Berezovsky and several of his associates are suspected of having used several Swiss companies, including Forus Services and Andava, to embezzle hundreds of millions of dollars from Aeroflot. The case was launched in early 1999 at the initiative of then Prosecutor General Yuri Skuratov, who, many observers believe, had received a green light from then Prime Minister Yevgeny Primakov to pursue the case. An arrest warrant was issued for Berezovsky in early 1999 in connection with the Aeroflot case, but was later rescinded. Both Skuratov and Primakov were subsequently removed from their posts.

Perhaps the most interesting element in Berezovsky’s statement was his claim that “profits of the firms working with Aeroflot” were used to finance Unity, the pro-Putin political bloc, and Putin’s presidential campaign.

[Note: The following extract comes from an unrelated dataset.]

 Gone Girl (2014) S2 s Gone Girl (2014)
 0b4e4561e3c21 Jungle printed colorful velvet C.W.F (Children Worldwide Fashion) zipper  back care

It is interesting because Berezovsky, on the one hand, claims in the statement that the “so-called Aeroflot case” was “concocted” by Primakov and has claimed in the past that he had no connection with Aeroflot whatsoever. On the other hand, he suggests that Putin and Unity were beneficiaries of back-channel financing from the Russian state airline. A member of Unity’s faction in the State Duma told a newspaper that in making that charge, Berezovsky was “settling scores” with the Kremlin administration (Vedomosti, November 15). Gleb Pavlovsky, the controversial political strategist and Kremlin adviser, said he did not recall whether Aeroflot or any of its subsidiaries financed Putin’s campaign. In any case, Berezovsky ended his statement with the following words: “I am sure that if Putin continues his policy which is ruinous for the country, his regime will not last until the end of [its] first constitutional term.” Pavlovsky said that this sentence looked like “a direct physical threat to Putin” (Segodnya, November 15).

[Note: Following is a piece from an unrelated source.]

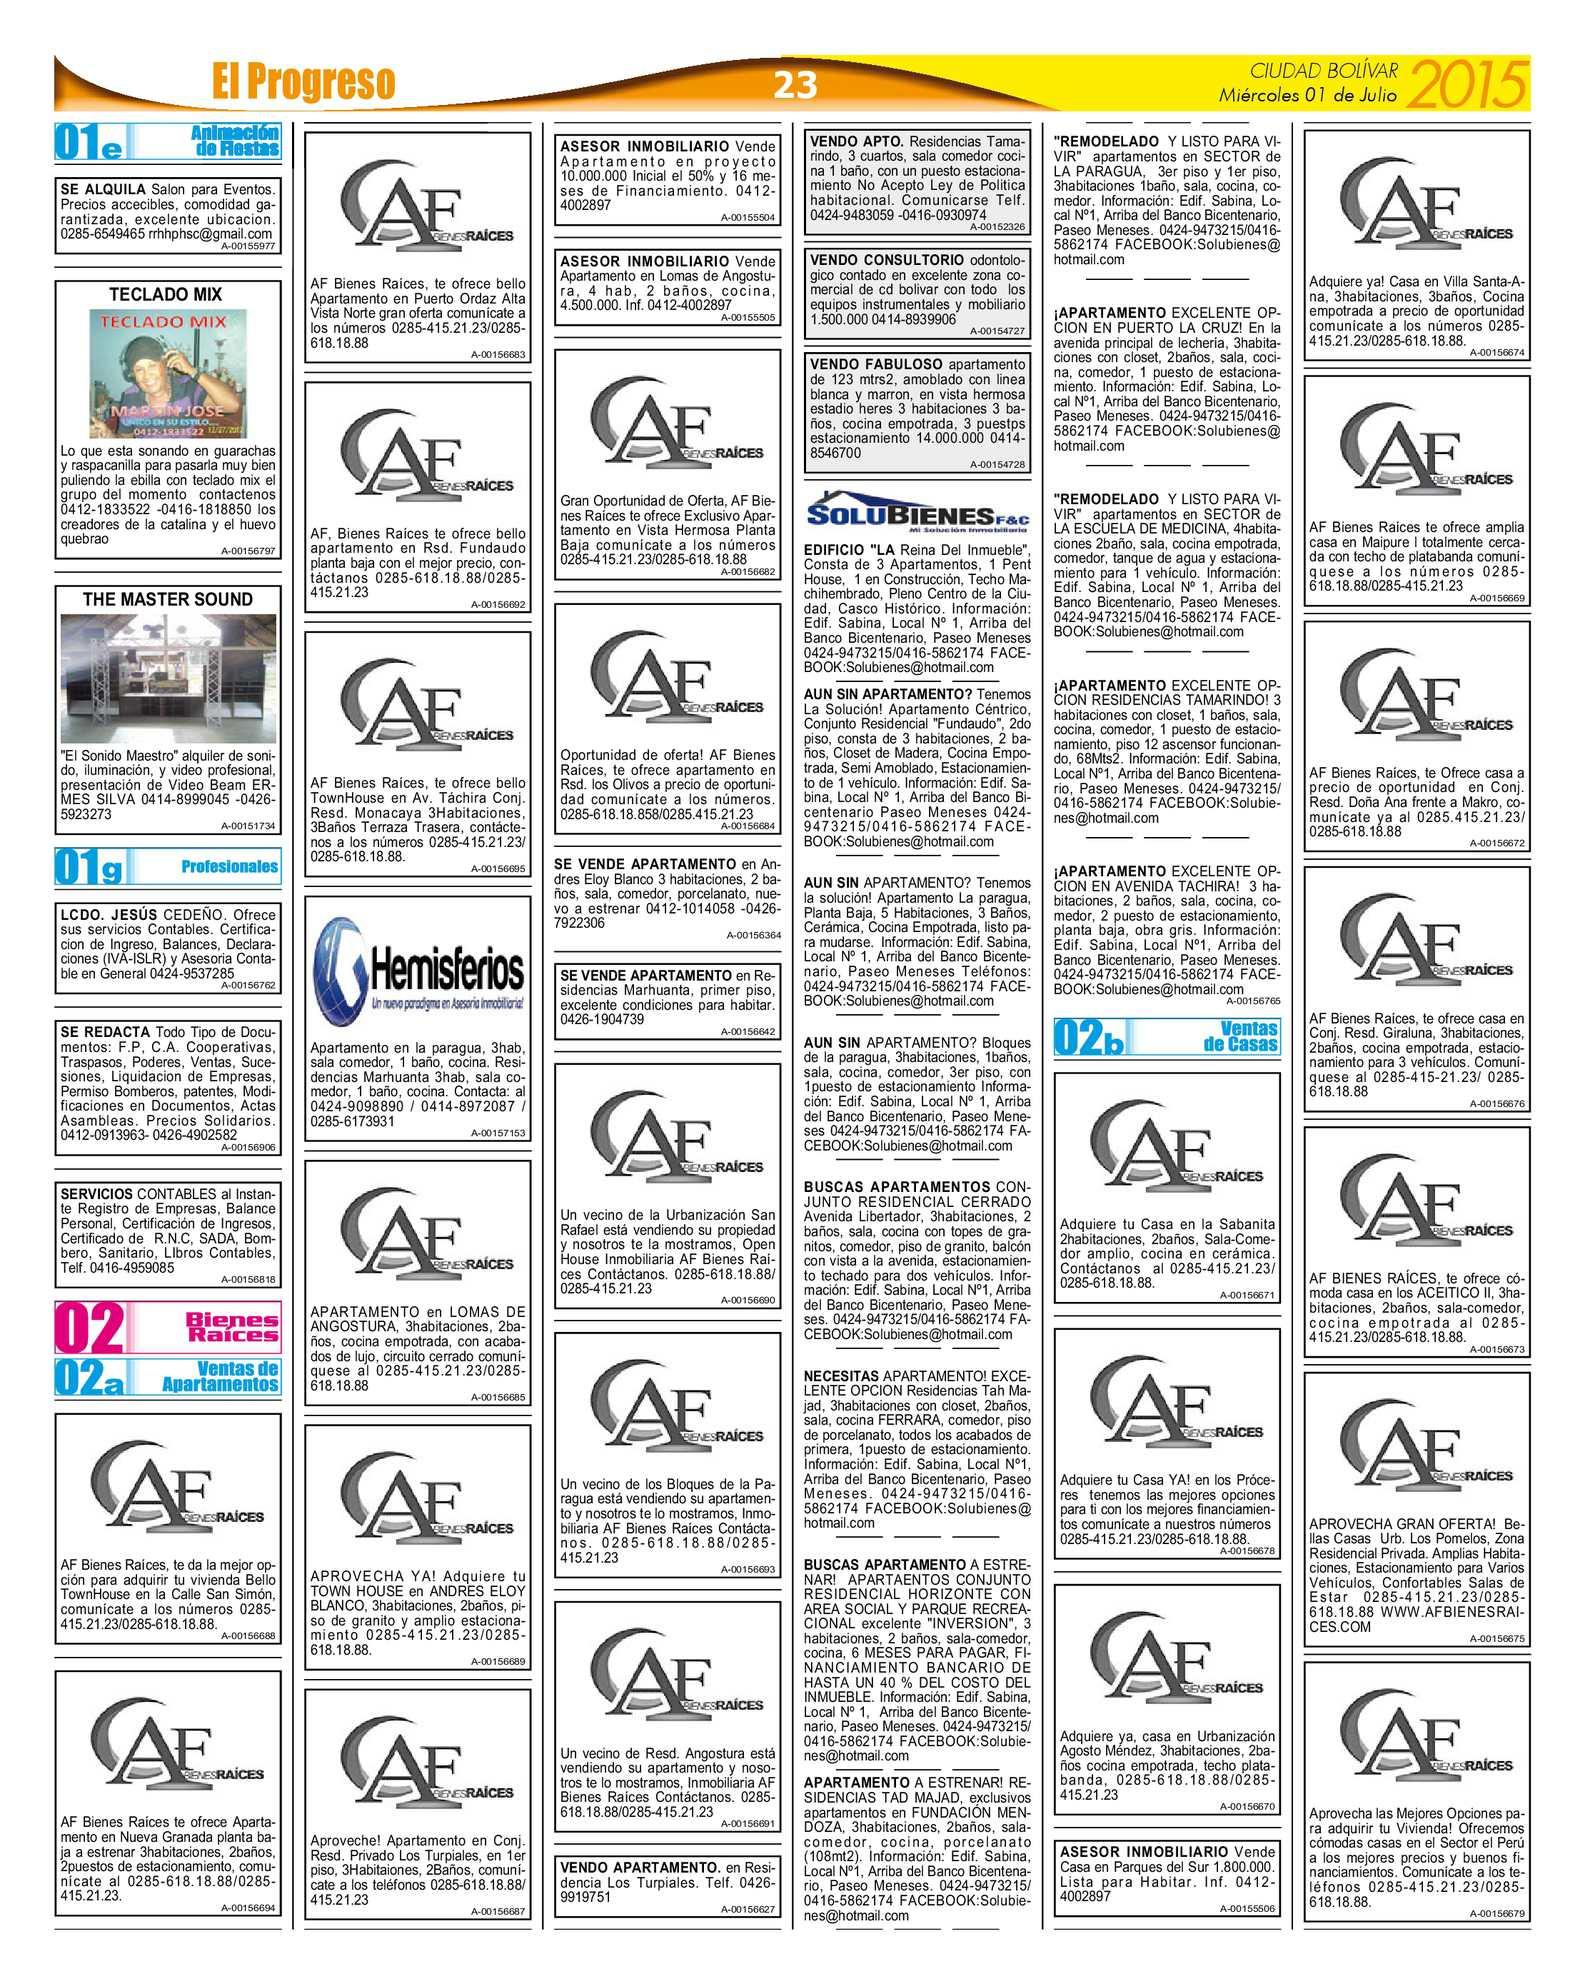 DiarioelprogresoEDICIÓNDIGITAL 01-07-2015 - CALAMEO Downloader

Meanwhile, one of Berezovsky’s former associates, former Aeroflot commercial director Aleksandr Krasnenker, appeared yesterday at the Prosecutor General’s Office for questioning. Krasnenker was questioned for five hours. Another Berezovsky associate, former Aeroflot First Deputy General Director Nikolai Glushkov, was set to be questioned on November 13, but did not appear because he is in the hospital. Prosecutors reportedly filed charges yesterday against another suspect in the Aeroflot case–Roman Sheinin, former head of a company called FOK, which Aeroflot hired to collect its foreign debts (Russian agencies, Moscow Times, November 15).